▸ **Exercise**
What the task requires is an exact printout of the listing below, pictures excluded.

▸ **Dataset section**

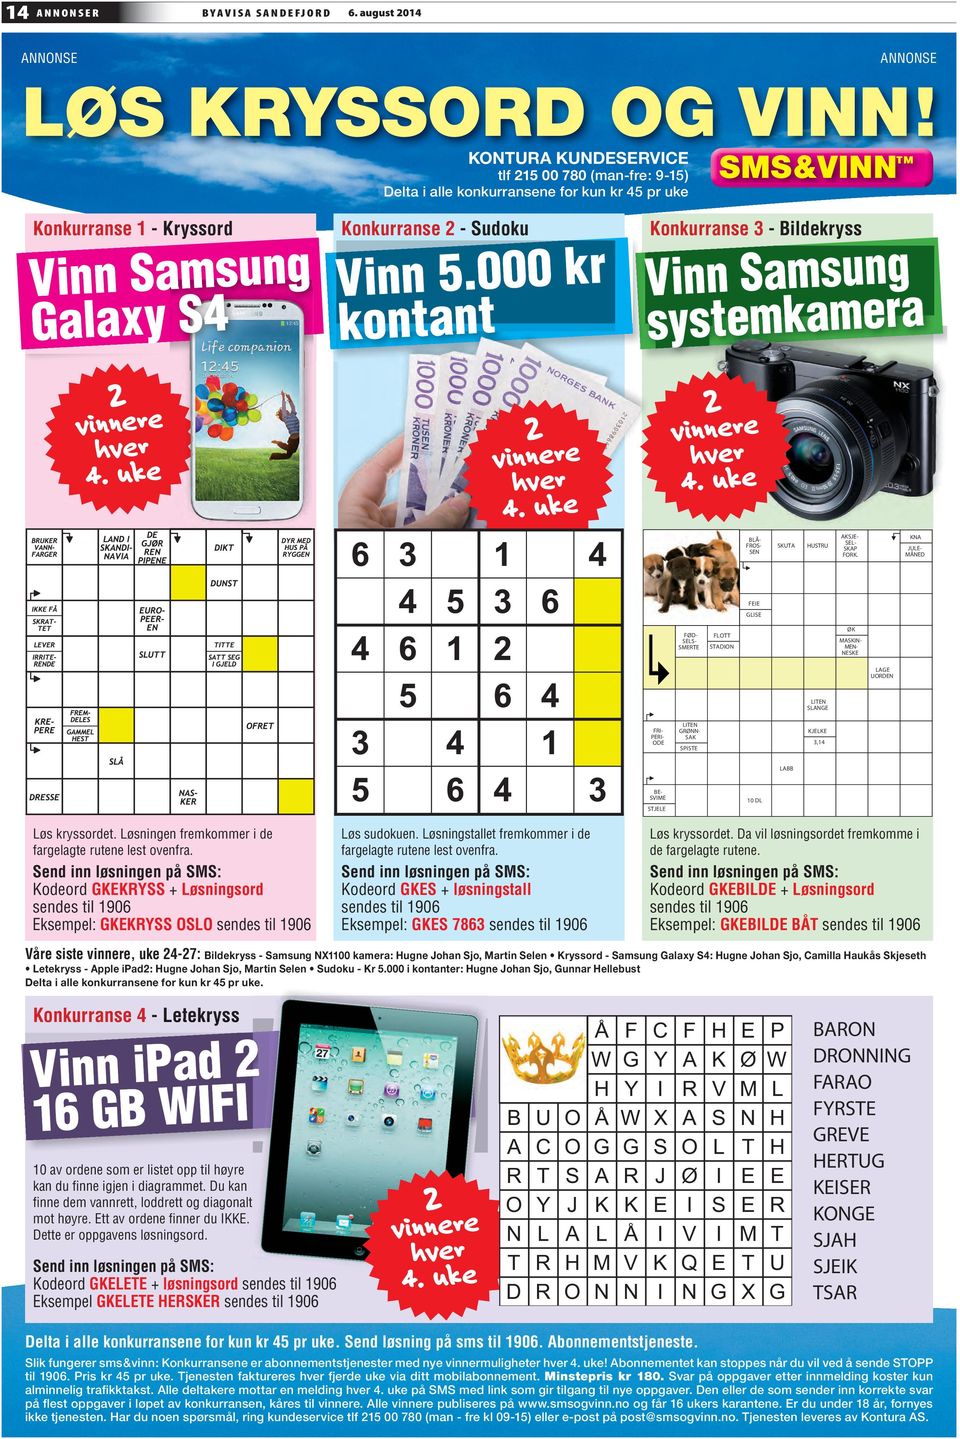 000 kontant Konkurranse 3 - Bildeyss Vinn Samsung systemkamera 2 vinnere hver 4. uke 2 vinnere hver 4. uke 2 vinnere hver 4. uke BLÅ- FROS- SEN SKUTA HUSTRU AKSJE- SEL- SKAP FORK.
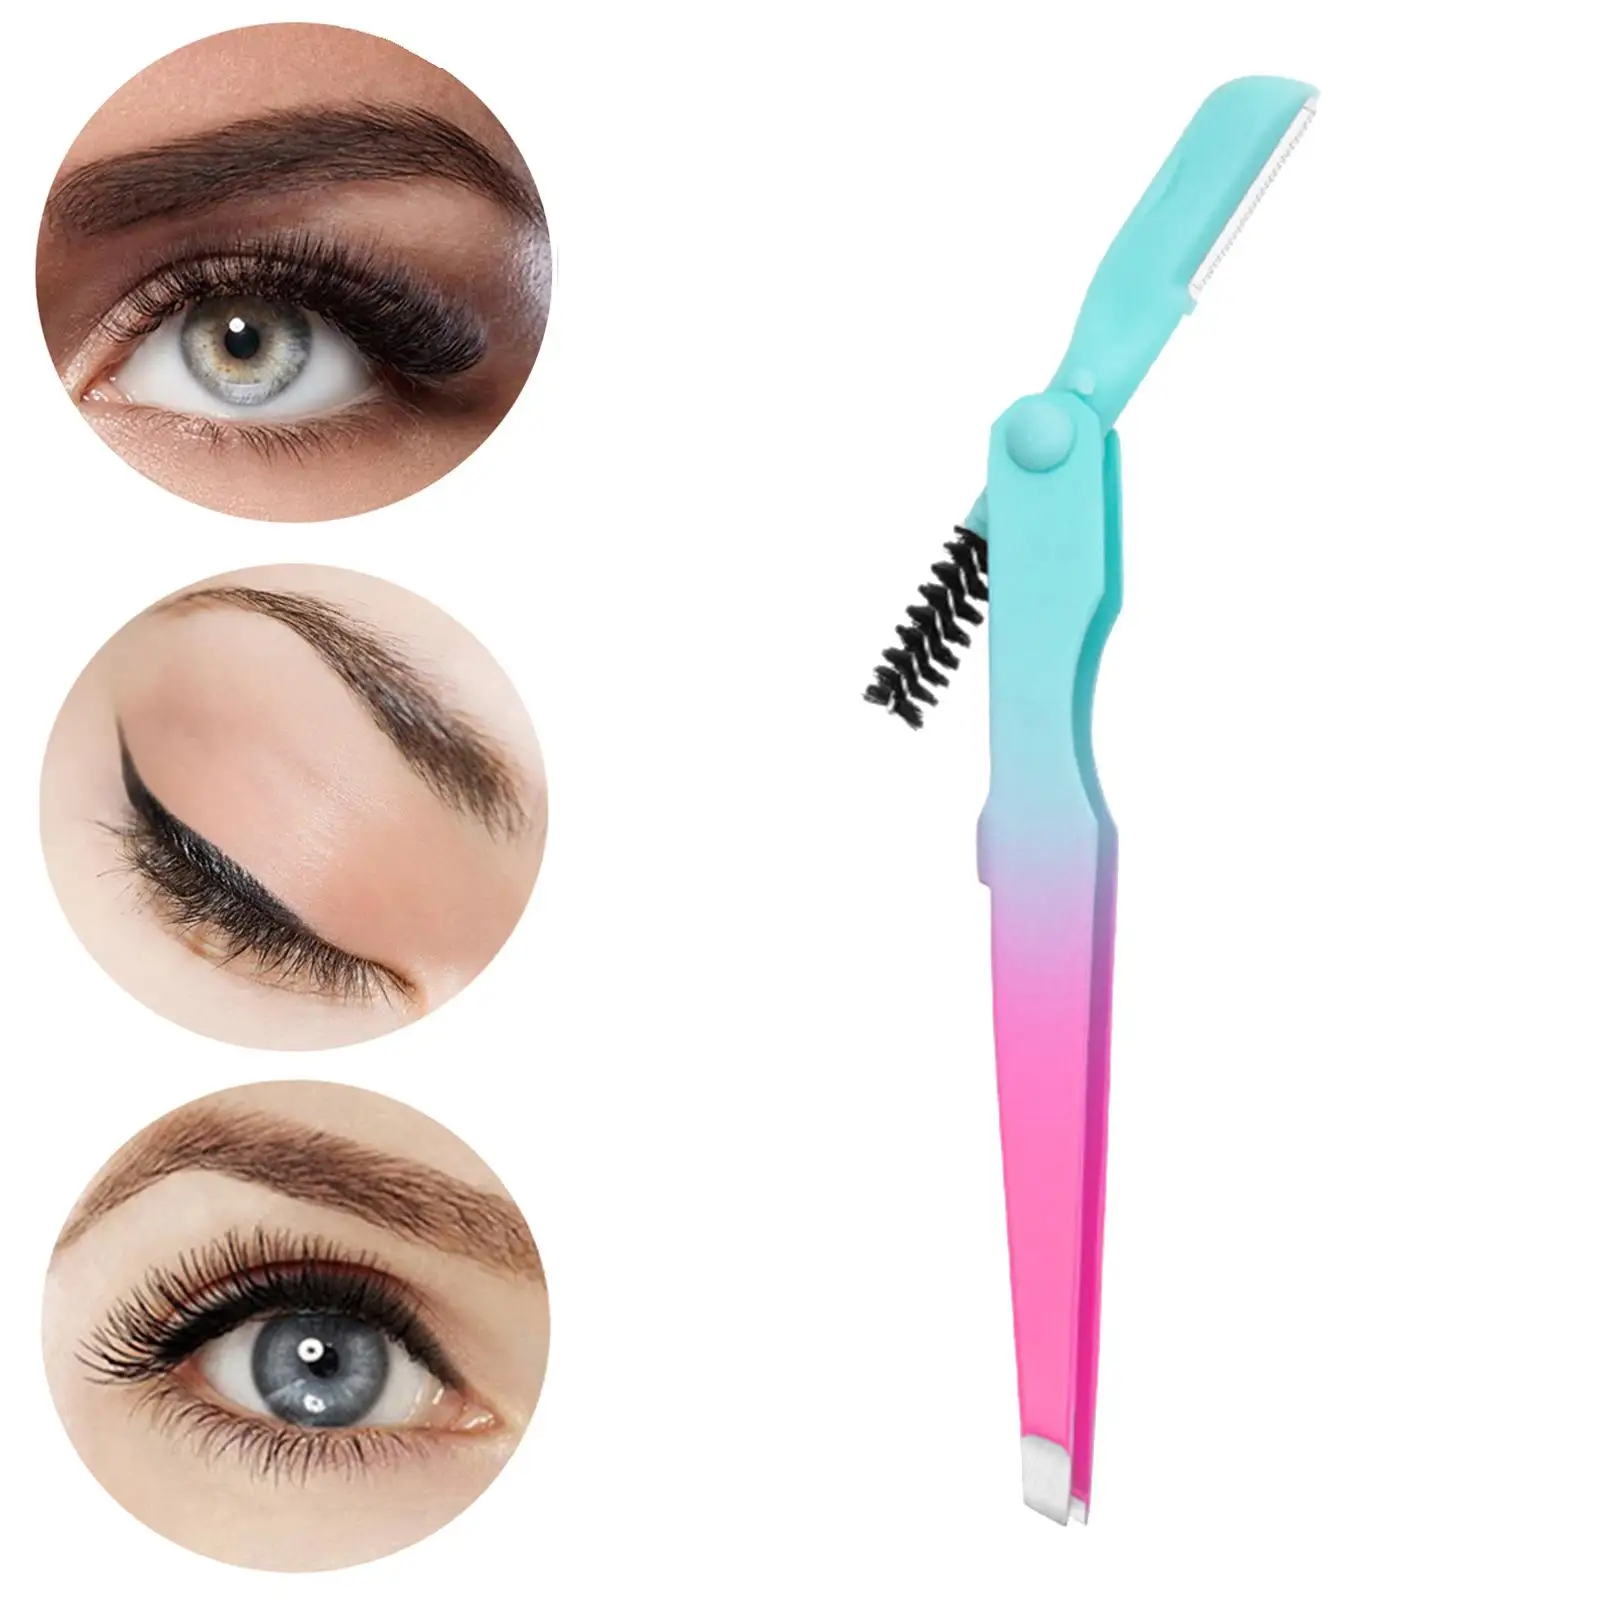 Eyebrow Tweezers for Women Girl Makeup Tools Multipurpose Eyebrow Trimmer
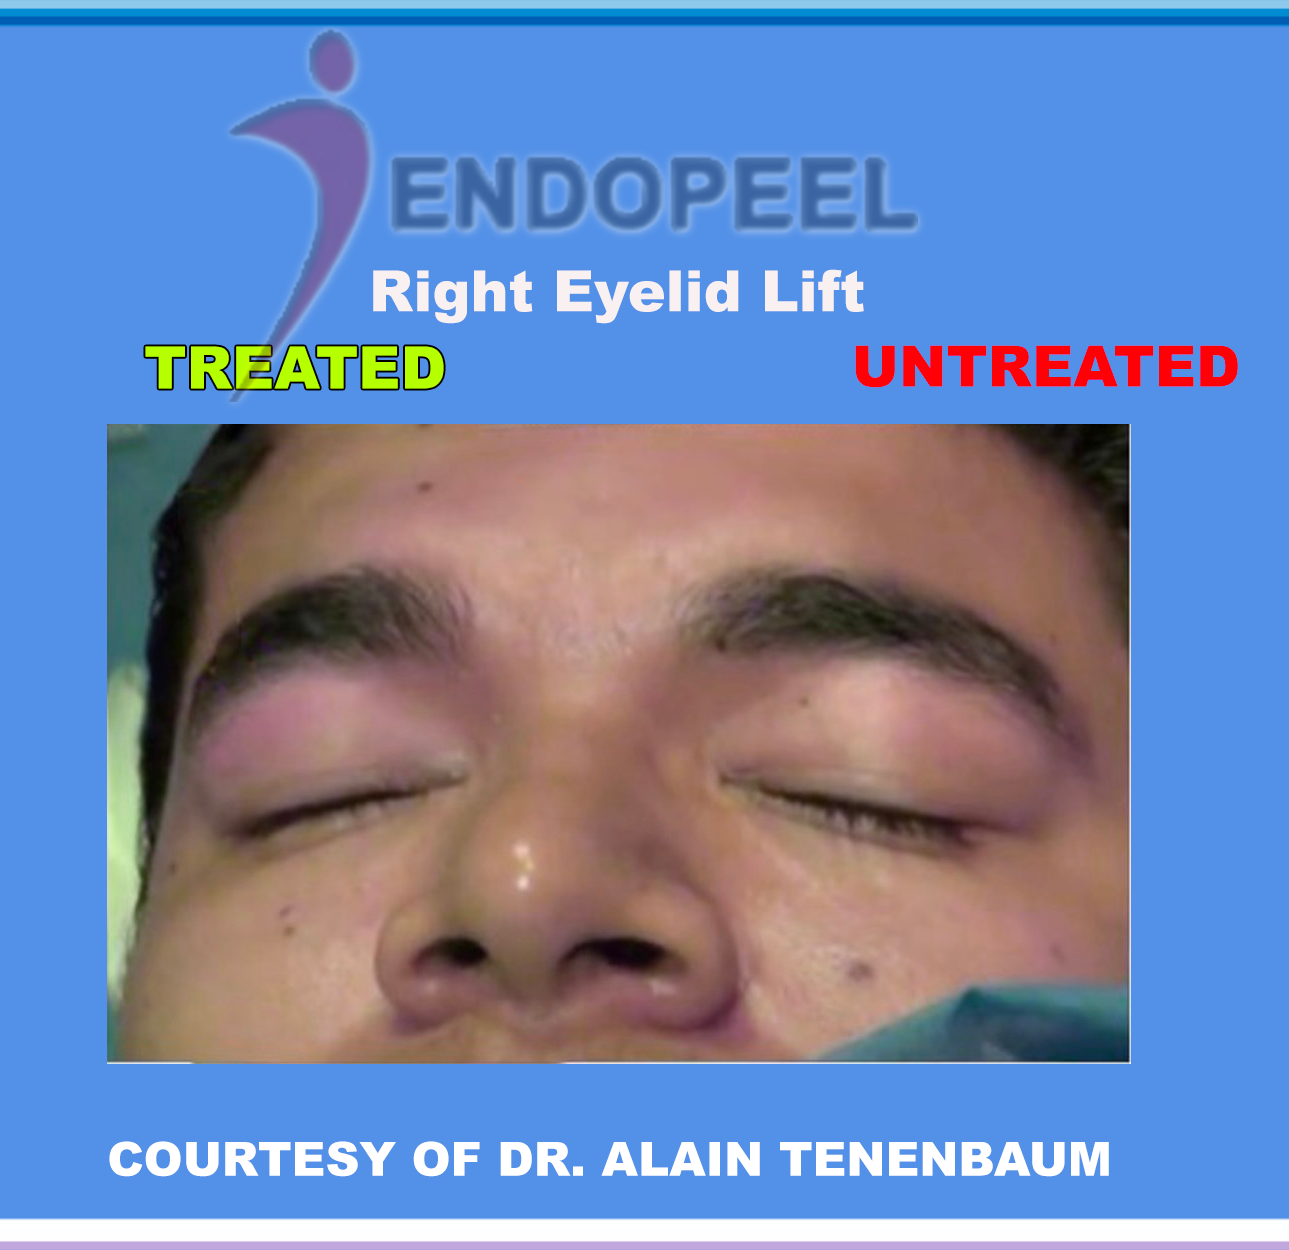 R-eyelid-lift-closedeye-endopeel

▸ **Solution to this problem**
 000 kontant Konkurranse 3 - Bildeyss Vinn Samsung systemkamera 2 vinnere hver 4. uke 2 vinnere hver 4. uke 2 vinnere hver 4. uke BLÅ- FROS- SEN SKUTA HUSTRU AKSJE- SEL- SKAP FORK.
 Eyebrow Tweezers for Women Girl Makeup Tools Multipurpose Eyebrow Trimmer
 R-eyelid-lift-closedeye-endopeel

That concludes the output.